2013-05-21 03:57:48

by zhangwei(Jovi)

[permalink] [raw]
Subject: [ANNOUNCE] ktap 0.1 released


Dear,

I'm pleased to announce that ktap release v0.1, this is the first official
release of ktap project, it is expected that this release is not fully
functional or very stable and we welcome bug reports and fixes for the issues.

= what's ktap?

A New Scripting Dynamic Tracing Tool For Linux

KTAP is a new scripting dynamic tracing tool for Linux, it uses a
scripting language and lets users trace the Linux kernel dynamically.
KTAP is designed to give operational insights with interoperability
that allow users to tune, troubleshoot and extend kernel and application.

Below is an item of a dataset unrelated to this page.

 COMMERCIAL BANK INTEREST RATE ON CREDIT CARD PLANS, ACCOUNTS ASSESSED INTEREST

KTAP have different design principles from Linux mainstream dynamic tracing
language in that it's based on bytecode, so it doesn't depend upon GCC,
doesn't require compiling a kernel module, safe to use in production
environment, fulfilling the embedd ecosystem's tracing needs.

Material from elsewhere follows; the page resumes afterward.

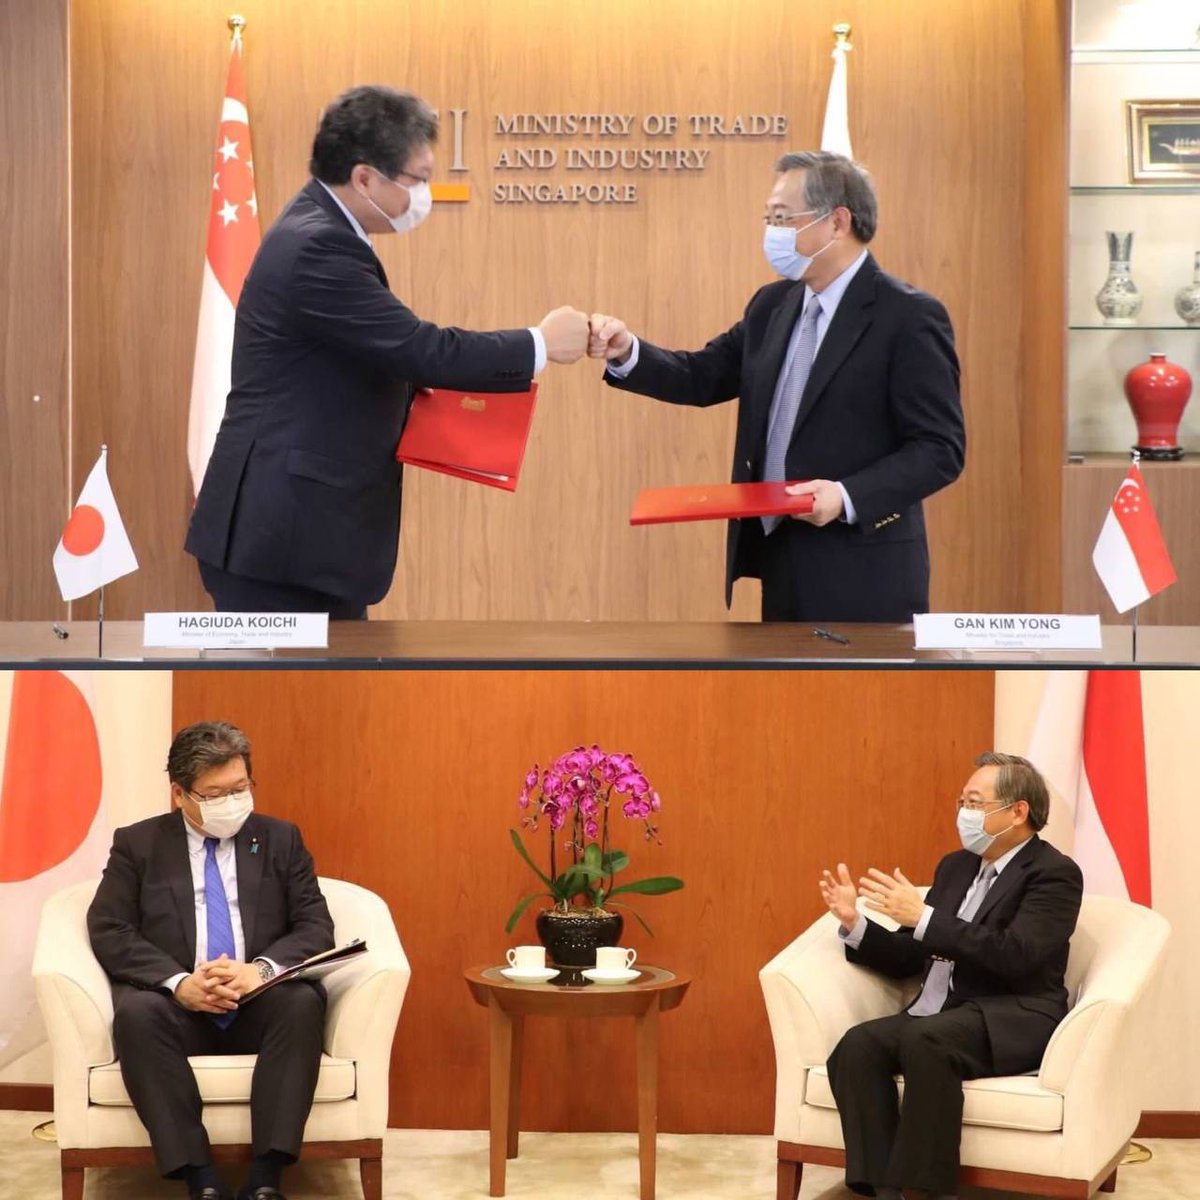 Minister Gan and Japan's Minister for Economy, Trade and Industry Hagiuda Koichi signed a Memorandum of Cooperation (MOC) on Low-Emissions Solutions to facilitate greater collaboration in developing low carbon solutions such as hydrogen. Read more here: bit.ly/3ng9sR9

KTAP also is designed for enabling great interoperability with Linux kernel,
it gives user the power to modify and extend the system, and let users
explore the system in an easy way.

KTAP is released as GPL license.

More information can be found at ktap/doc directory.

= Features

Because this is the first release, so there wouldn't include too much features,
just contain several basic features about tracing, here are the summary:

1) support x86-32 and x86-64 (other arch is not tested yet)
2) support tracepoints, syscalls, kprobes, kretprobes
3) timer
4) dumpstack
5) many built-in functions and library functions in there

There have many features on the todo list, so it will support more
features in future, and be more stable than this release.

= Planned Changes

we are planning to enable more kernel ineroperability into ktap, implement more
sample scripts, and performance boost.

= Code

Please download code from:
https://github.com/ktap/ktap.git

= Building & Running

[root@jovi]# cd linux/kernel/trace/
[root@jovi]# git clone https://github.com/ktap/ktap.git

[root@jovi]# cd linux/kernel/trace/ktap
[root@jovi]# make #generate ktapvm kernel module
[root@jovi]# make ktap #generate userspace ktap tool

[root@jovi]# insmod ./ktapvm.ko
[root@jovi]# ./ktap scripts/syscalls.kp


= Simple syscall tracing example

function eventfun (e) {
printf("%d %d\t%s\t%s", cpu(), pid(), execname(), e.tostring())
}

kdebug.probe("tp:syscalls", eventfun)

kdebug.probe_end(function () {
printf("probe end\n")
})


= Examples/Documentation

Example is in ktap/scripts/
Documentation is in ktap/doc/

= Mailing list

[email protected]
You can subscribe KTAP mailing list at link: http://www.freelists.org/list/ktap

= Contribution

KTAP is still under active development, so contribution is welcome.
You are encouraged to report bugs, provide feedback, send feature request, or hack on it.

.jovi


2013-05-21 18:13:15

by Frank Ch. Eigler

[permalink] [raw]
Subject: Re: [ANNOUNCE] ktap 0.1 released

"zhangwei(Jovi)" <[email protected]> writes:

> I'm pleased to announce that ktap release v0.1, this is the first official
> release of ktap project [...]

Congrats.


> = what's ktap?
>
> Because this is the first release, so there wouldn't include too
> much features, just contain several basic features about tracing,
> [...]

Nice progress. Reviewing the safety/security items from
https://lkml.org/lkml/2013/1/17/623, I see improvement in most.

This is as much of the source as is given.